Figure 5 elaborates on the clinical relevance of the trial in a form that could be shared with patients by health-care professionals.
Discussion
Because of the prophylactic nature of HPV vaccines, the primary target populations in many national immunization programs are young adolescent girls. To our knowledge, this is the longest follow-up study in girls aged 10–14 years who received three doses of the AS04-HPV-16/18 vaccine.
Ten years after the initial vaccination, all subjects remained seropositive for anti-HPV-16 and anti-HPV-18 antibodies. The kinetic profiles of anti-HPV-16 and anti-HPV-18 antibody titer, as well as the non-vaccine type HPV-31 and HPV-45 antibody titer, were similar: a peak response in antibody GMTs one month after administration of Dose 3 (i.e. Month 7), followed by a decline from Month 18 to Month 24 and thereafter reaching a plateau level till Month 120. Such antibody kinetics were also observed in other age populations.10,16,22,23
The anti-HPV-16 and anti-HPV-18 antibody plateau levels in young girls aged 10–14 years at first vaccination according to a 3-dose schedule remained several fold higher than the plateau levels observed in young women aged 15–25 years, the age population in which prophylactic vaccine efficacy was demonstrated against high-grade lesions.11,15 There is no established immune correlate of protection for prophylactic HPV vaccines. However, the sustained high antibody levels are particularly relevant in supporting the long-lasting protection provided by HPV-vaccination that mainly targets young adolescents, with the intent of rendering protection at the time of exposure.24
Aside from its high efficacy against persistent HPV-16/18 infections, results from AS04-HPV-16/18 vaccine trials showed a protective effect of the vaccine against non-vaccine types.14,25 In a Phase III clinical trial setting, efficacy against non-vaccine types HPV-31 and HPV-45 has been observed up to 7 years in women vaccinated at 26 years of age and above.26 In two studies investigating the 2-dose schedule, cross-reactivity of the vaccine against HPV-31/45 was found similar after 2 doses (girls aged 9–14 years) or 3 doses (young women aged 15–25 years) and lasted for at least 5 years.27 Recently, results from observational studies in Scotland and in the Netherlands reported vaccine effectiveness of the AS04-HPV-16/18 vaccine against HPV-31/33/45 and HPV-31/35/45/52, respectively.28,29 The sustained immune response that we observed in this study against HPV-31/45 is aligned with these real-life data that are of crucial importance to assess the potential health impact of AS04-HPV16/18 vaccination programs.

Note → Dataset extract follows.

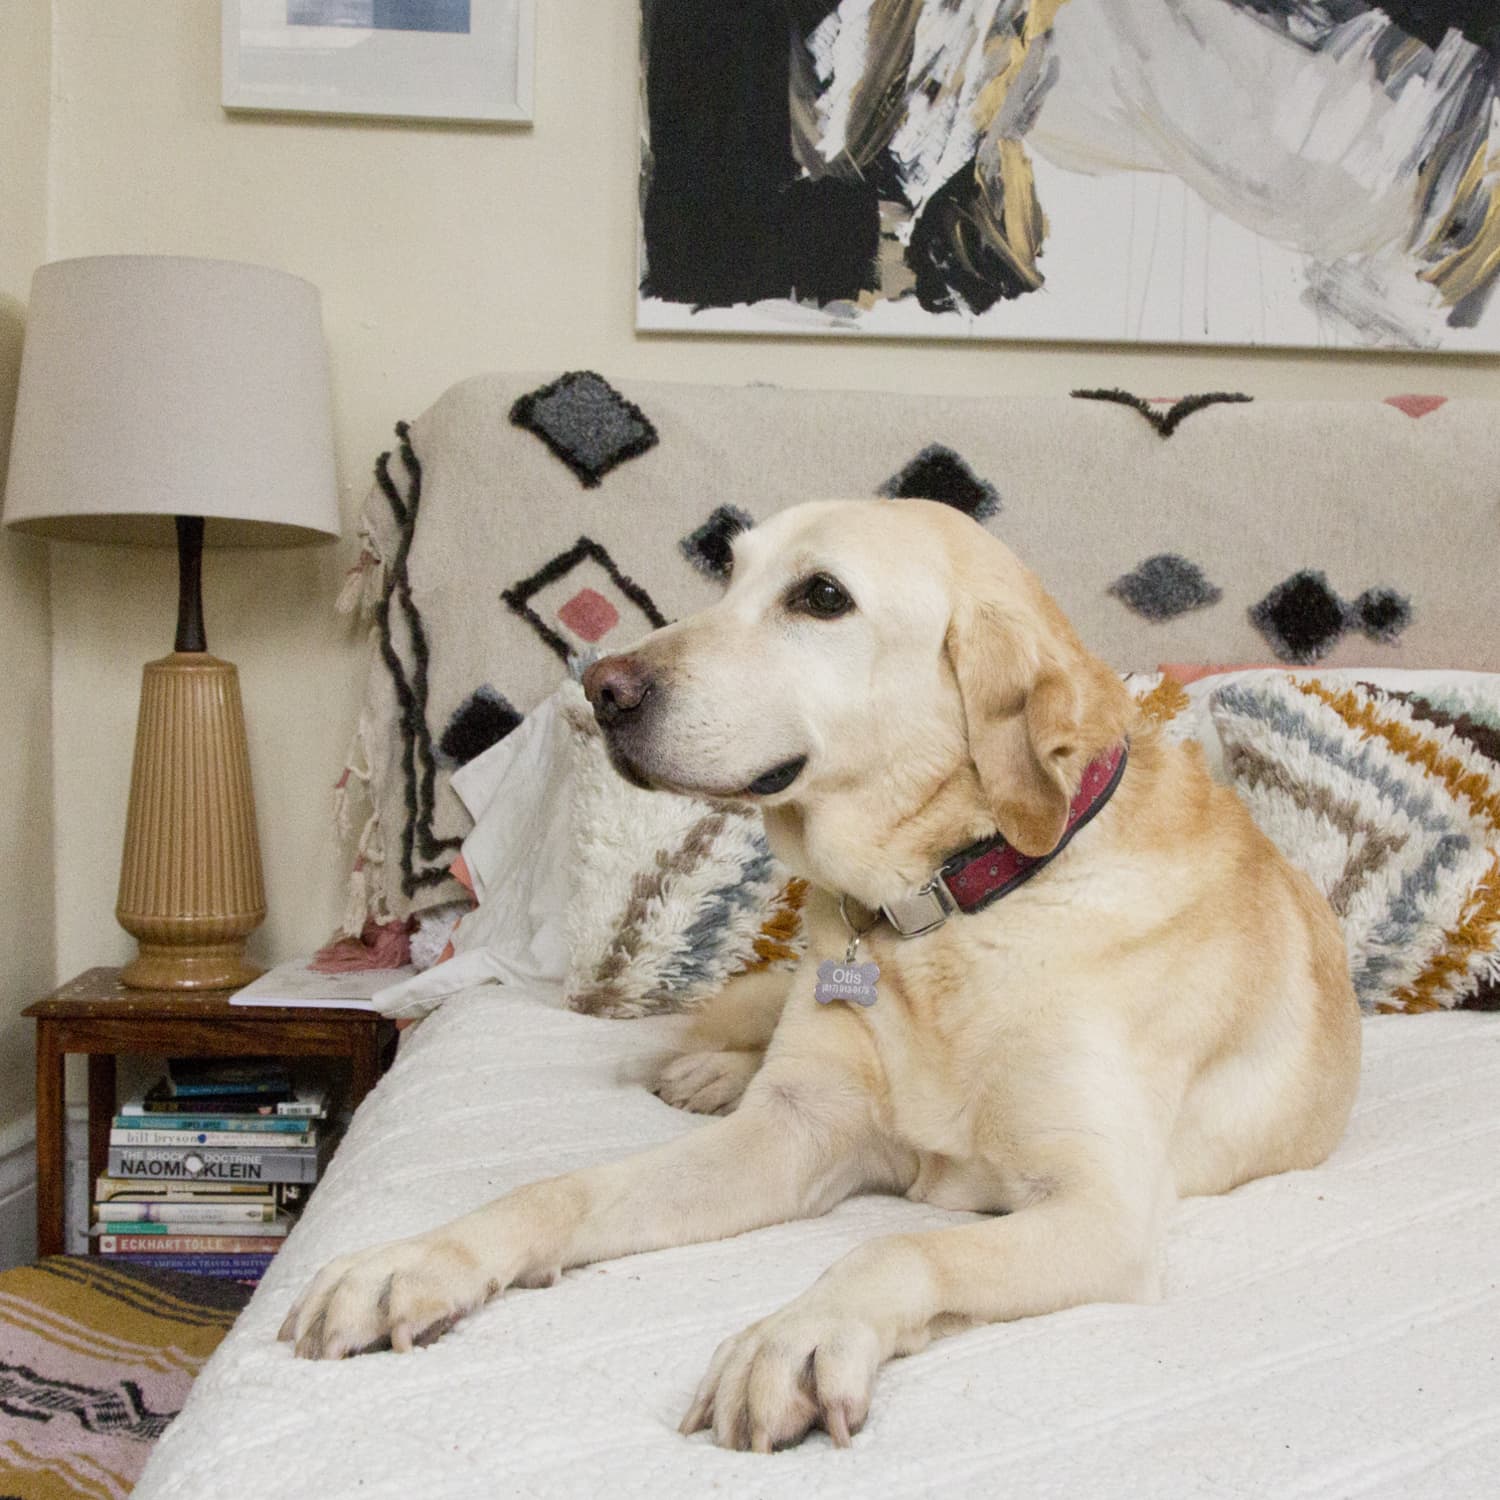 Labs are still America's favorite dog, but corgis have wiggled

Results from a vaccine trial conducted in North America to assess the immune memory in women who received three doses of the AS04-HPV-16/18 vaccine 7 years earlier showed an increase in the antibody titers of vaccine types (HPV-16/18) as well as non-vaccine types (HPV-31/45) following administration of the challenge dose.30 These observations evidence the immune memory against HPV-16/18/31/45 induced by the AS04-HPV-16/18 vaccination.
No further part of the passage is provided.